The VitaFlow Liberty™ is the next-generation product of the VitaFlow® Transcatheter Aortic Valve and Delivery System (“VitaFlow®”), approved for marketing in 2019. Inheriting the unique design from VitaFlow®, VitaFlow Liberty™ features a hybrid density stent with double-layer skirts and a bovine pericardial leaflet. The retrievable delivery system of VitaFlow Liberty™ comes with an innovative motorized handle, allowing for fast, stable and accurate release and retrieval. In addition, VitaFlow Liberty™ is currently the only delivery system in the Chinese market whose distal end can be bent 360 degrees, providing superior flexibility to help minimize blood vessel damage and reduce the risk of complications. The motorized handle also provides surgeons with better control over the retrieval and repositioning of the valve.
Guoming Chen, Executive Director and President of MicroPort CardioFlow, said, “MicroPort CardioFlow has an extensive product portfolio in the field of transcatheter aortic therapy, providing clinicians with comprehensive transcatheter aortic therapy solutions. The upgrade of VitaFlow Liberty™ lies in the unique features provided by the innovative delivery system, which further improve the surgical experience.
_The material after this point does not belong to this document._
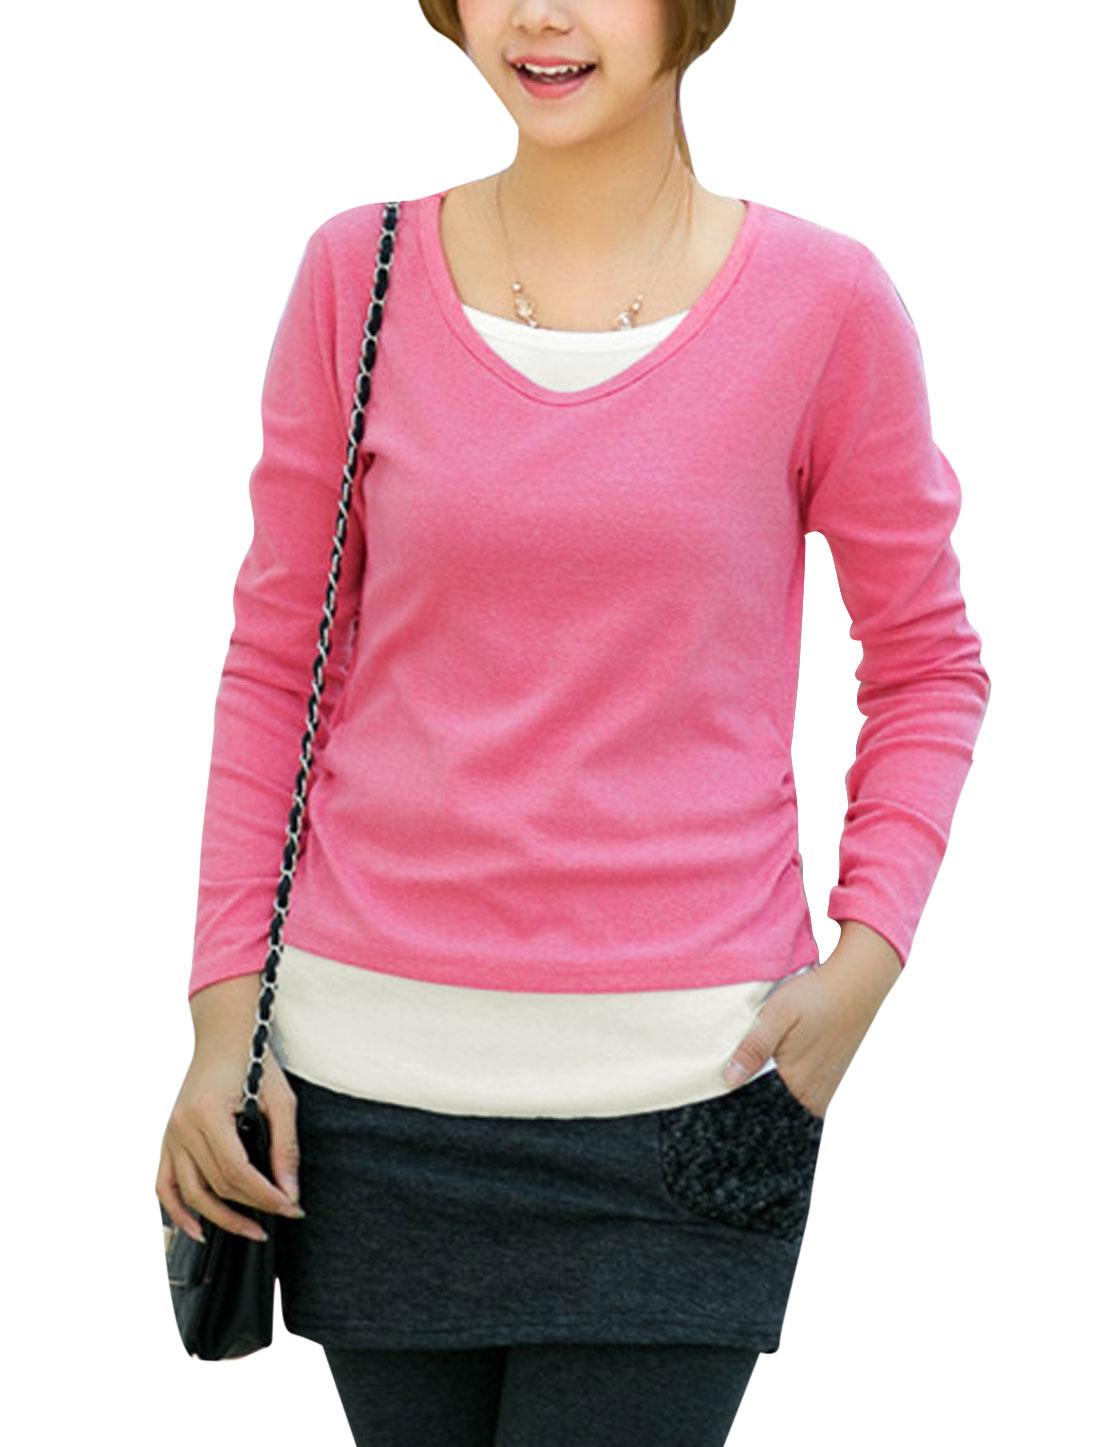 Ladies Pullover Long Sleeve Panel Tee Shirt Pink S

We believe that our ability to continuously innovate will ensure the core competitiveness of our future products for the benefit of more patients.”
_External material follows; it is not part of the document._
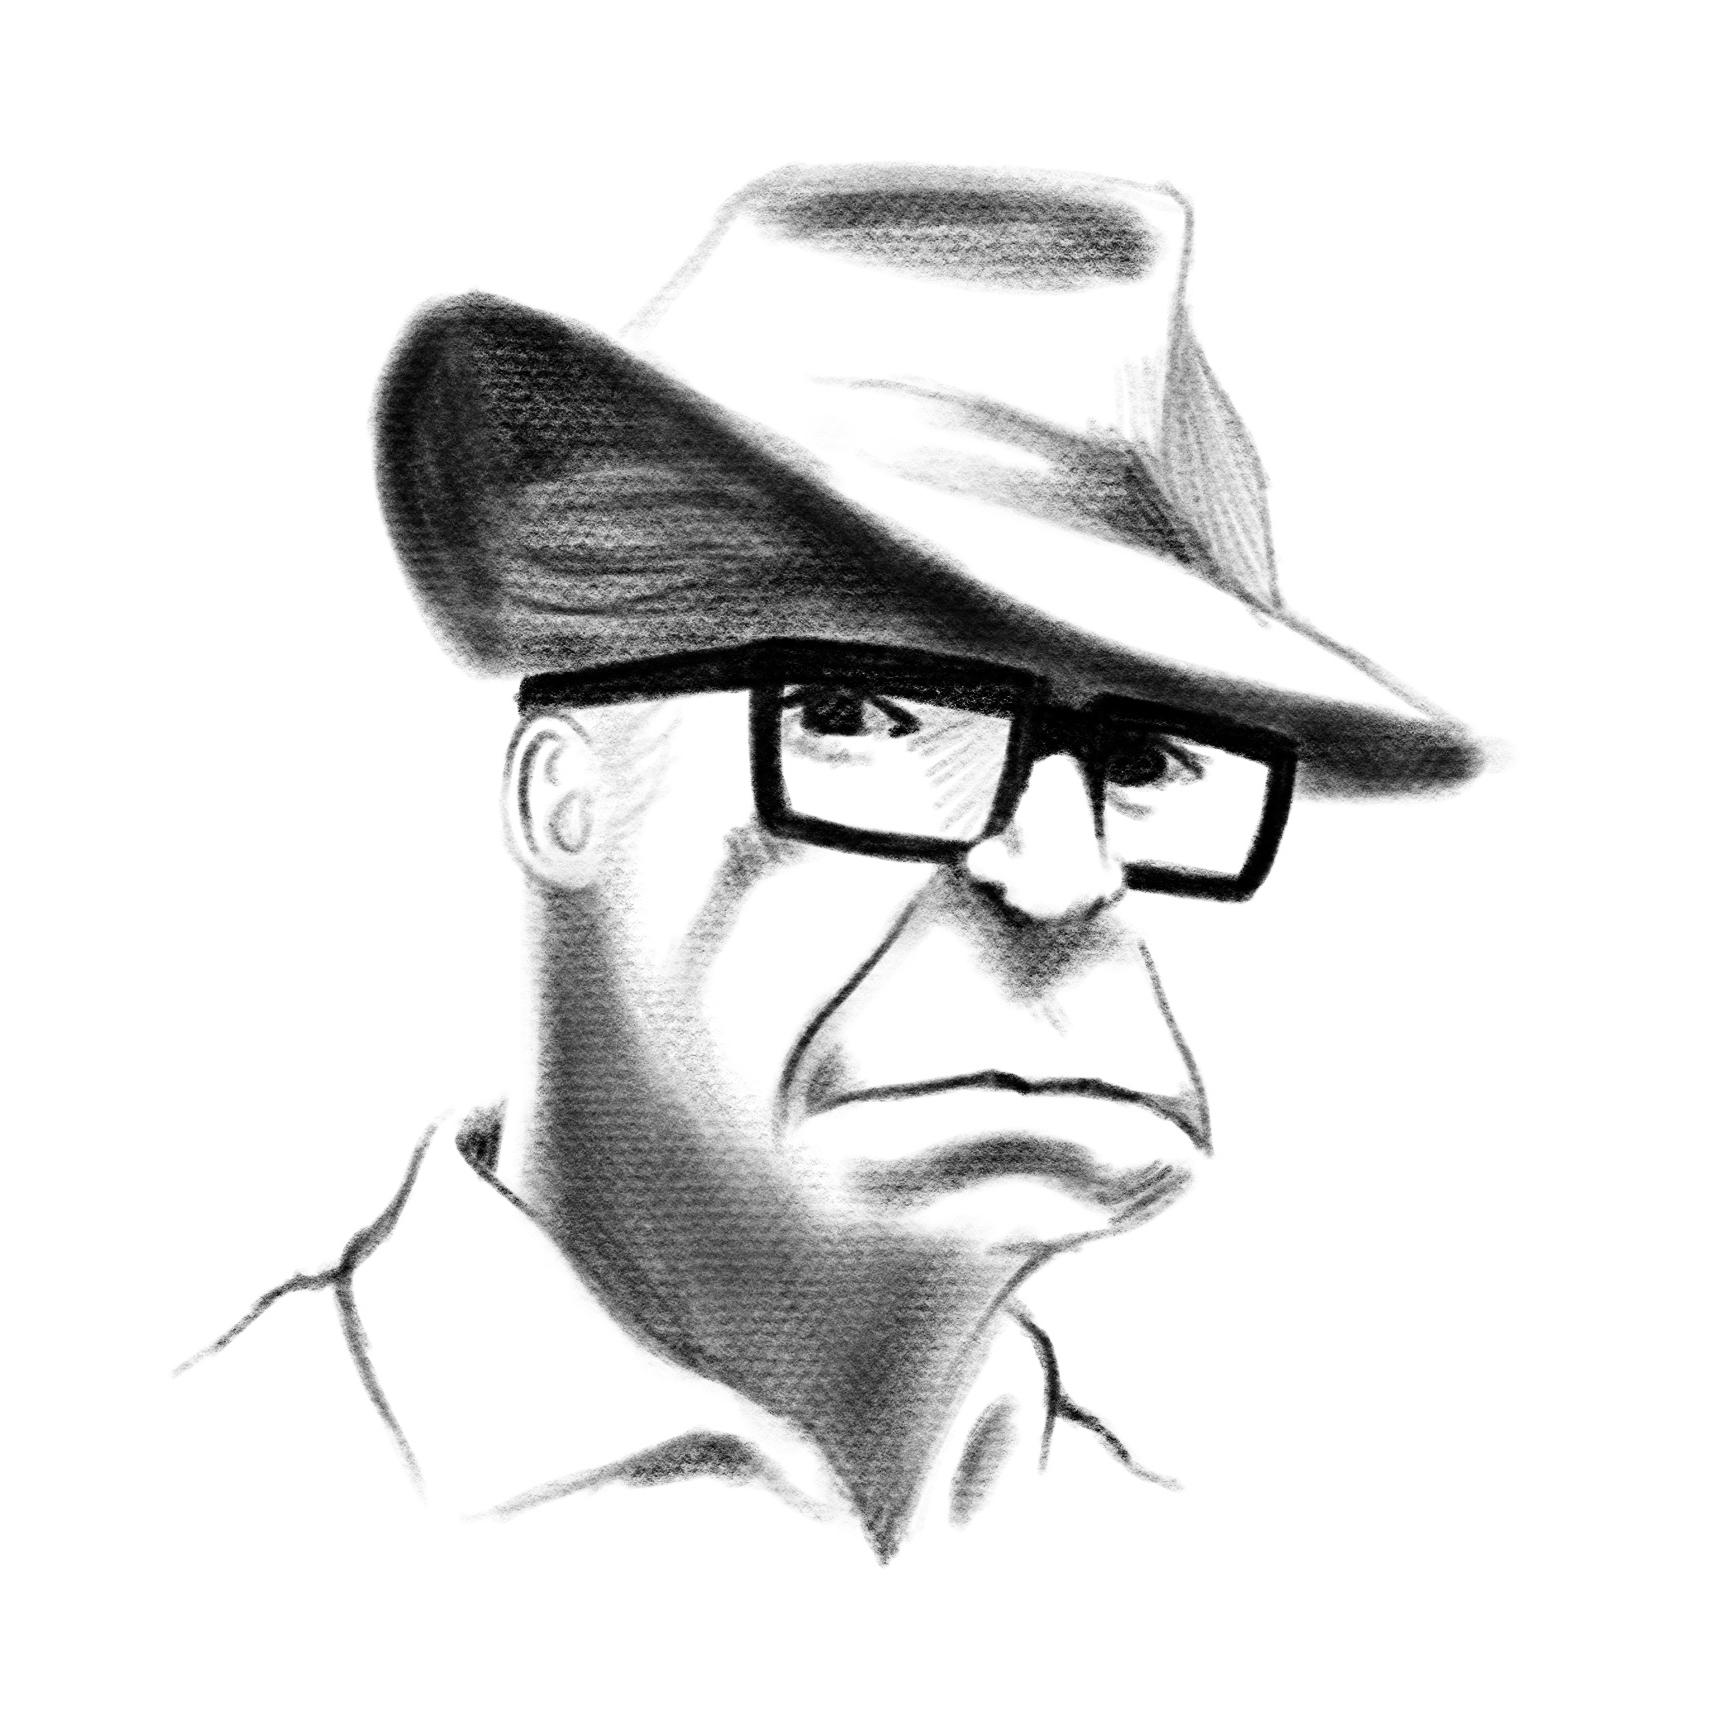 Billy Wilder portrait by the always cool Hugo Marmugi

In addition to VitaFlow Liberty™,MicroPort CardioFlow's first-generation Angelguide® preshaped super stiff guidewire (Angelguide®) was also approved for marketing. The guidewire features high support and smooth transition for guidewire and guide trail, thus reducing blood vessel damage and improving release precision.
Dr. Qiyi Luo, Chief Technology Officer of MicroPort® and Chairman of the Board of Directors o fMicroPort CardioFlow, commentged, “Within years of the launch of VitaFlow®, the product is already used in more than 220 heart centers across China, allowing MicroPort® to become a key player in the Chinese heart valve market. We are now more confident and motivated to accelerate our development of medical devices for valvular heart disease. With the market launch of the VitaFlow Liberty™ System, MicroPort CardioFlow will be able to better meet clinical needs, and provide better clinical outcomes.”